At present, the evaluation of the response to NAC for esophageal carcinoma mainly relies on the measurement of tumor size by traditional modalities such as endoscopic ultrasonography (EUS) and computed tomography (CT), which have shown high accuracy in diagnosis and staging of esophageal carcinoma. However, they are limited in distinguishing between residual tumor, fibrosis, and inflammation [6, 7]. In addition, traditional imaging modalities cannot evaluate the therapeutic efficacy until at least 4 weeks after the end of therapy, and cannot predict early response to NT. Therefore, to date, assessment of response to NT is still unsatisfactory. Fluorine-18 fluorodeoxyglucose positron emission tomography-computed tomography (18F-FDG PET/CT) for response evaluation showed conflicting results and insufficient accuracy, along with the potential of high radiation exposure and increase cost [8, 9]. It is essential to define a safe, non-invasive and effective imaging modality to assess and predict the response to NAC accurately.

Functional MR imaging techniques can reflect biological and microstructural characterization of tumors, so they can quantify therapy-induced changes before anatomic variation in tumor size.
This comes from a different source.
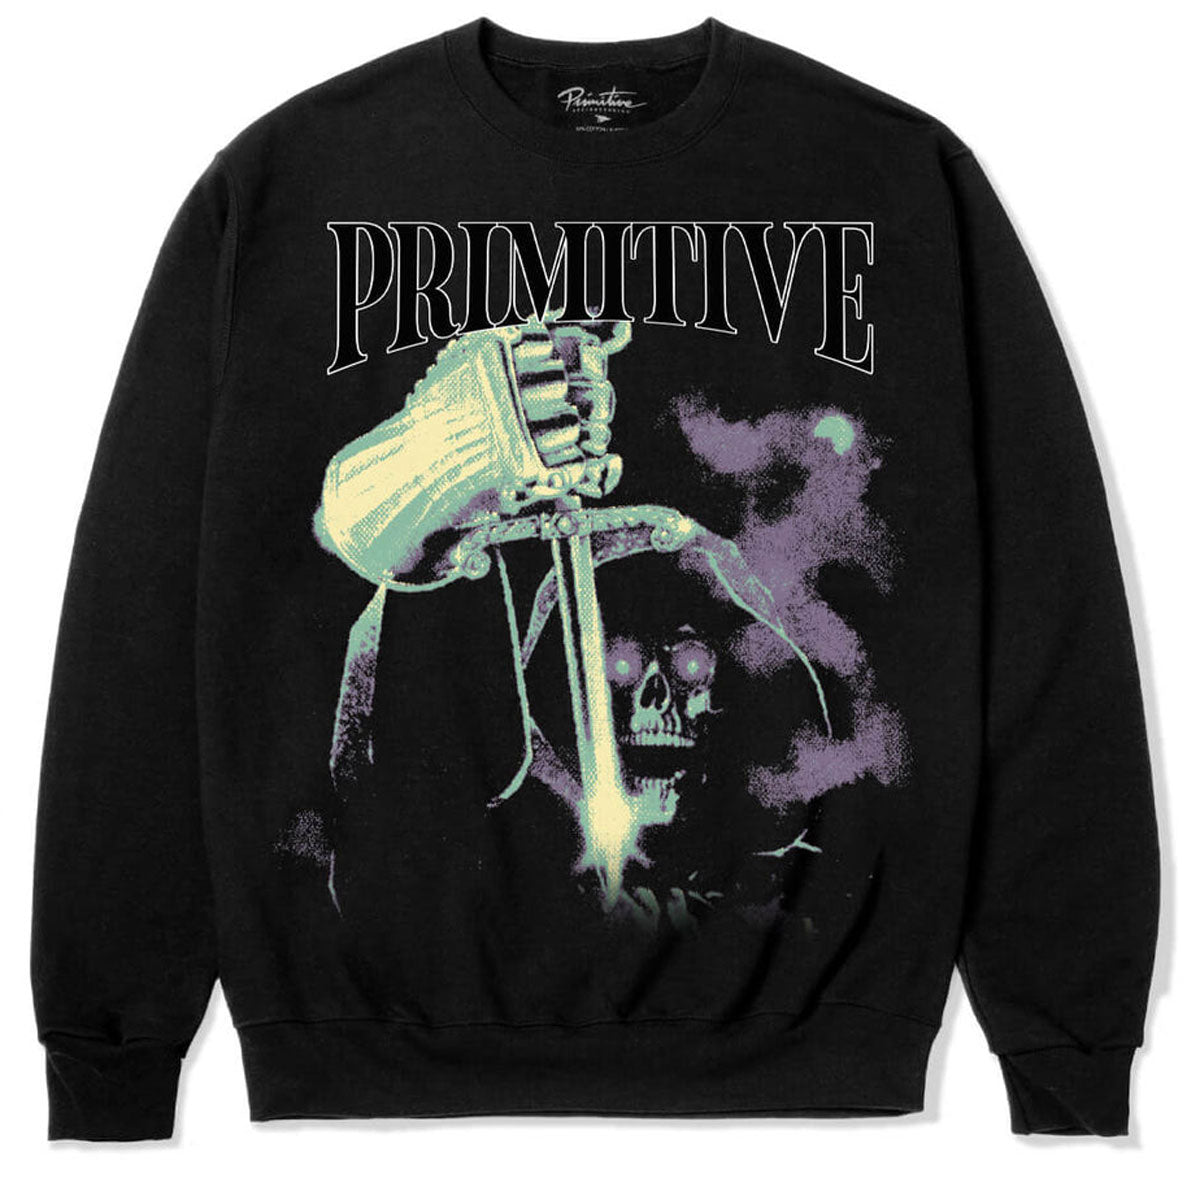 Primitive Tribulation Crewneck Sweatshirt - Black image 1

Dynamic contrast-enhanced magnetic resonance images (DCE-MRI) can predict early response to chemoradiotherapy in esophageal carcinoma [10, 11]. However, DCE-MRI requires complex pharmacokinetic modelling to calculate the vascular volume fraction of angiogenesis [12]. Diffusion-weighted imaging (DWI) is a functional imaging technique that is widely used in characterizing malignant tumor, monitoring, and predicting therapeutic efficacy [13,14,15,16]. However, the DWI-derived apparent diffusion coefficient (ADC) cannot separate diffusion and perfusion information [13].

Intravoxel incoherent motion (IVIM) can differentiate and quantify pure water molecular diffusion and microcirculatory perfusion of the tissue through three parameters calculated by the bi-exponential model: true diffusion coefficient (D), pseudodiffusion coefficient (D*), and pseudodiffusion fraction (f) [17, 18]. The IVIM technique is increasingly being investigated and has been proven to be more valuable than the ADC value in tumor evaluation and in prediction of therapeutic efficacy of NT [19,20,21,22,23,24,25]. However, compared with the conventional DWI sequence, the IVIM sequence requires higher quality imaging and higher signal-to-noise ratio (SNR). To date, research on the application of IVIM sequence in esophageal cancer is still scarce [26].
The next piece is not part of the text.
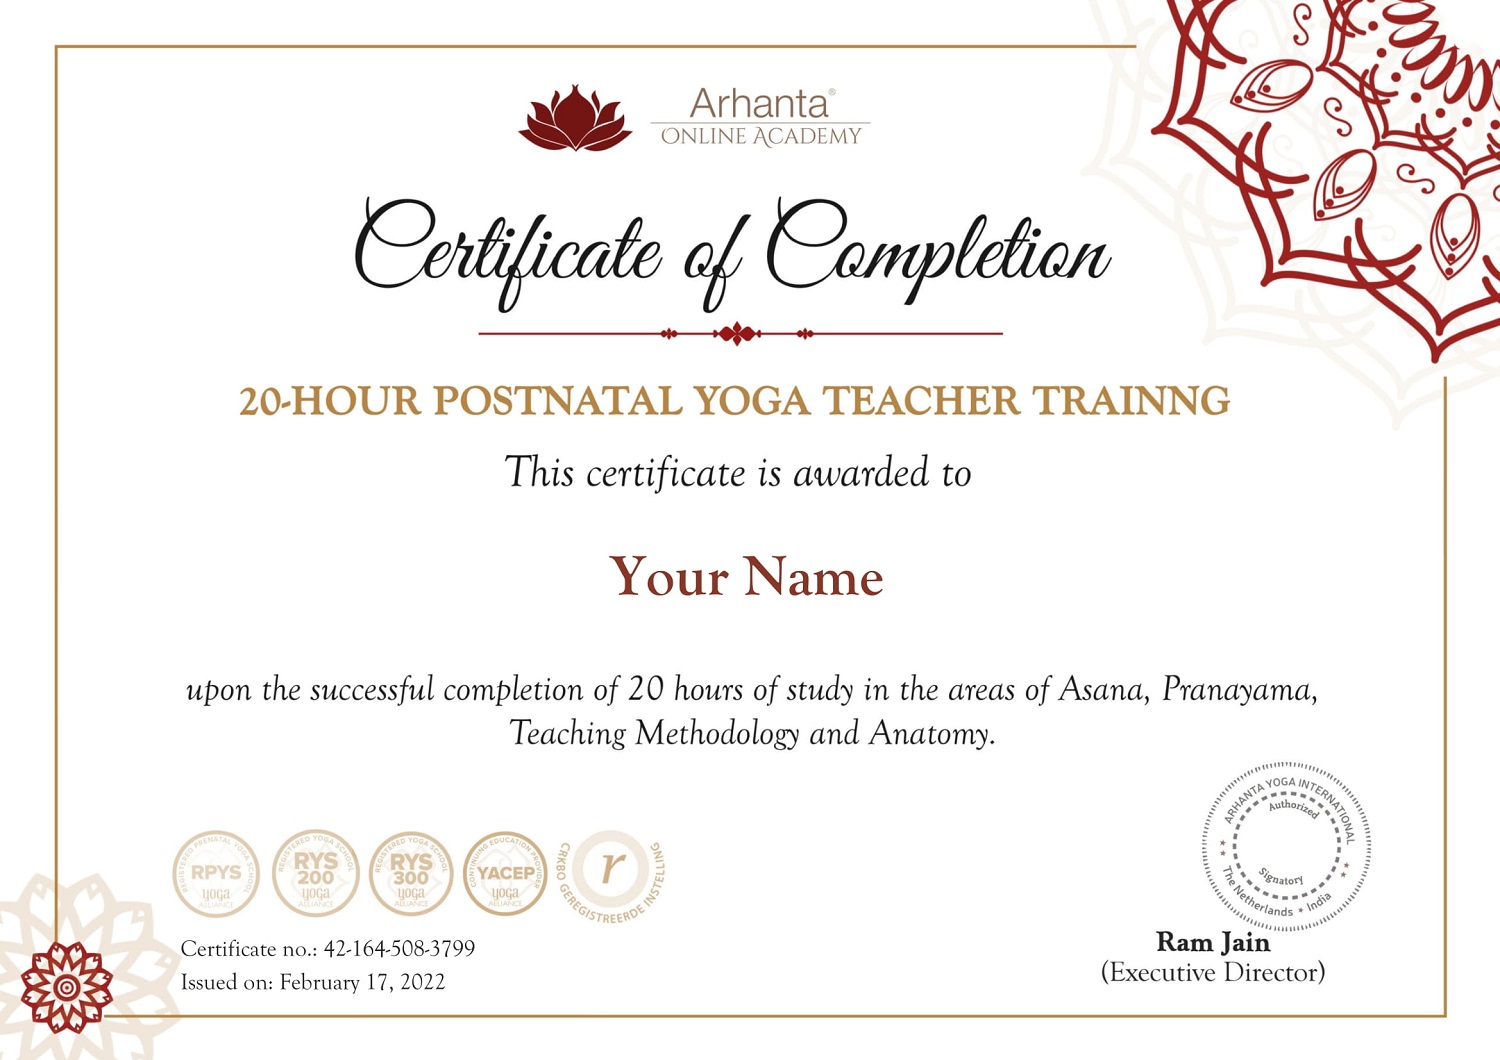 Certificat de formation de professeur de yoga postnatal en ligne (20 heures)

Although functional MR imaging techniques show powerful capabilities in assessment of tumor microenvironment, histopathological evaluation remains the gold standard. Based on the percentage of viable residual neoplastic cells in relation to fibrosis/necrosis, tumor regression grade (TRG) can classify tumor pathological response after NT. Compared with tumor size and pathologic lymph node status, only TRG can predict disease-free survival in patients with esophageal cancer, and TRG should be considered when evaluating therapeutic efficacy [27]. Because TRG classification requires postoperative pathological specimens, it cannot be used to predict treatment response to NT before treatment.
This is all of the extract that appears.